CS/ECE/ISyE 524 Introduction to Optimization 
Homework 9: Nonlinear programs

See the course website for instructions and submission details.
Note: for this Homework set, I suggest using the Ipopt solver in JuMP. It has apparently been fixed
recently and I verified that it works on my system (after running Pkg.update() and restarting Julia). Be
sure to make use of the macros @NLconstraint and @NLobjective when specifying nonlinear constraints or
objectives respectively.
1. [10 pts] Hexagon construction. The goal is to figure out the optimal geometry of a hexagon such
that (1) the hexagon’s area is maximized and (2) the hexagon’s diameter does not exceed 1. The
diameter of the hexagon is the largest distance between any pair of points belonging to the hexagon.
There are many different ways to solve this problem. A few suggestions/hints:
• Place one of the vertices at the origin so that you don’t need as many decision variables.
• A simple way of computing the area of a hexagon is to split it into four triangles that share a
common vertex. The area of the hexagon is then the sum of the areas of the four triangles.
• The optimal solution will look like a legitimate hexagon. It will not be degenerate (no coincident
vertices), nor will it be perfectly regular (all sidelengths equal).

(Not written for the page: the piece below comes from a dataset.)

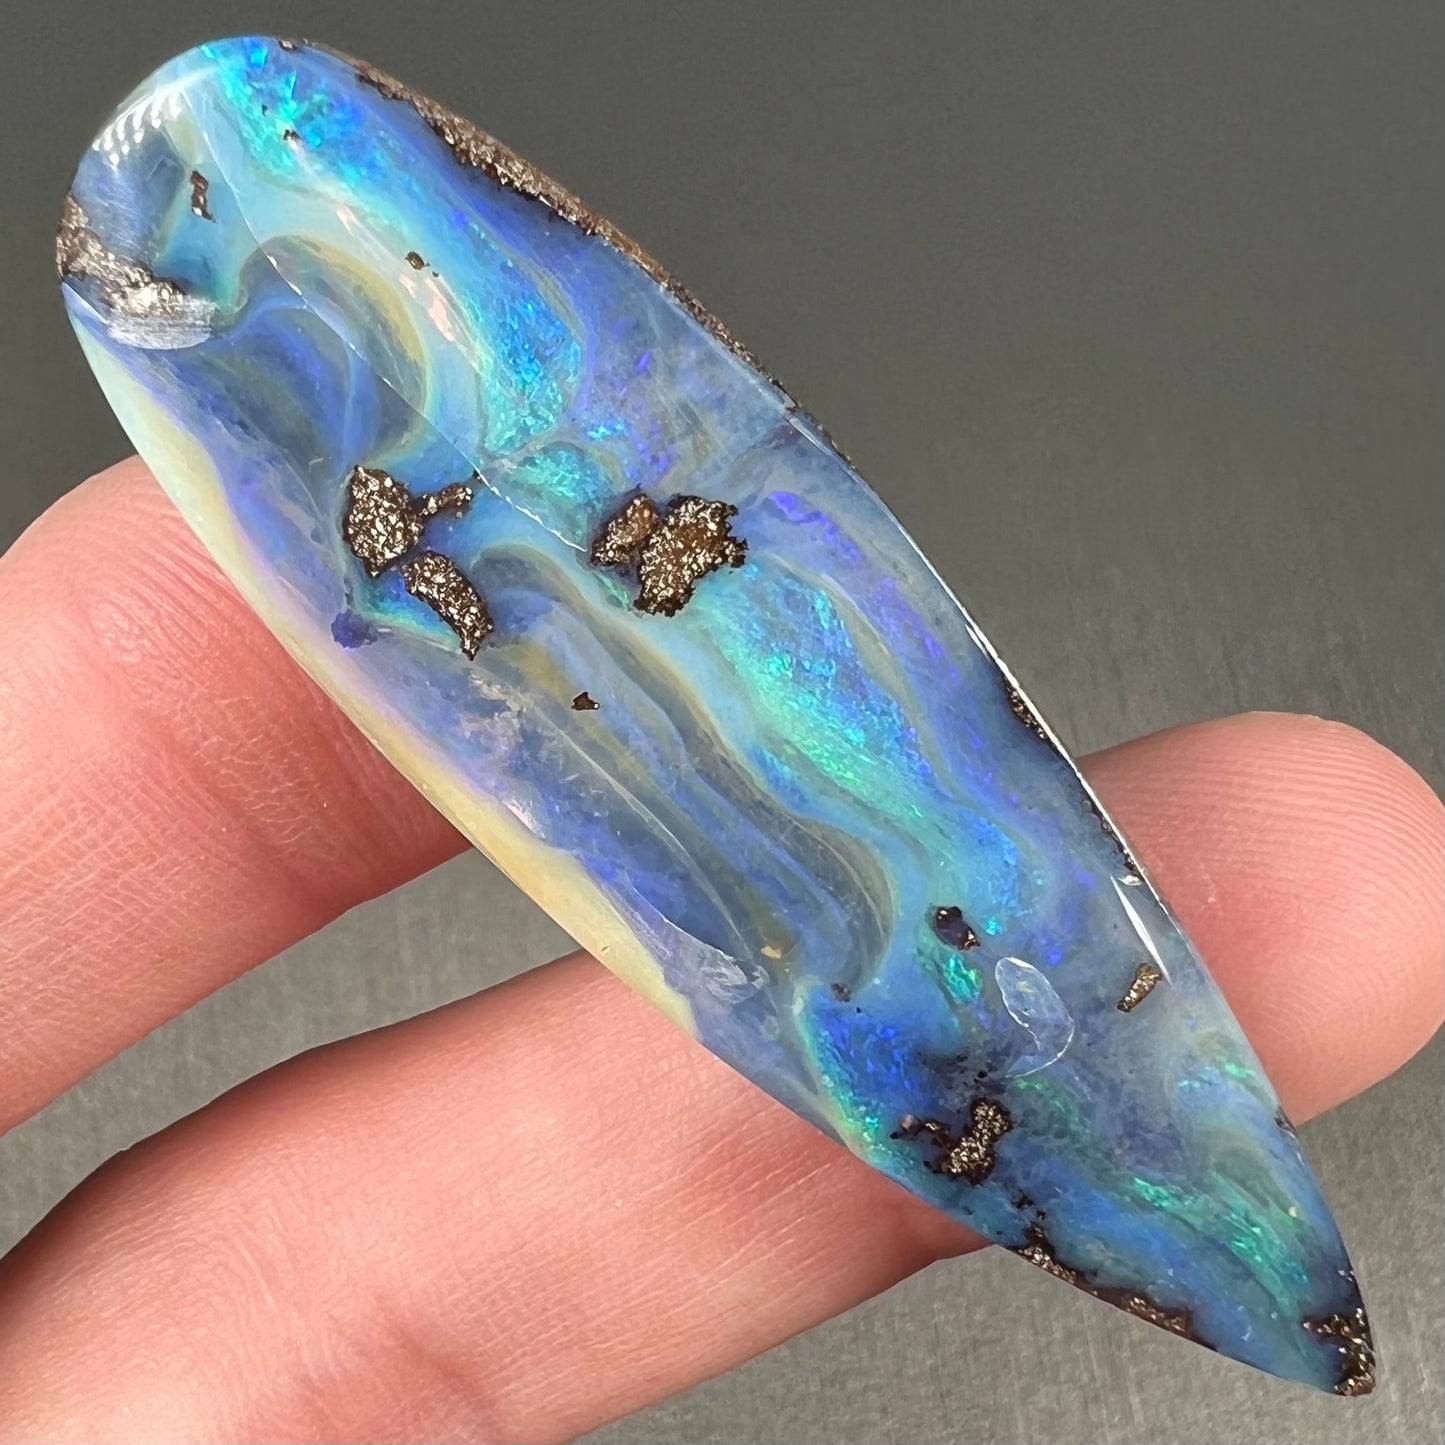 A blue, drop shaped Quilpie boulder opal stone from Queensland, Australia.

Plot a picture of the optimal hexagon.
2. [10 pts] Fertilizer influence model. A series of experiments is conducted to determine the effect
of a particular fertilizer on wheat crop yield. Here are the results: Such situations typically involve
fertilizer rate (x) crop yield (y)
−5 127
−3 151
−1 379
1 421
3 460
5 426
some sort of “diminishing returns”. So there is a limit to how much the fertilizer can boost the yield.
A popular model for this relationship is the following:
y = k1 + k2 exp(k3x)
Use nonlinear least squares to determine the values of (k1, k2, k3) that provide the best fit to the data.
We are expecting coefficients in the neighborhood of (500, −200, −1).
To display your result, produce a plot of the original data points and the best-fit curve.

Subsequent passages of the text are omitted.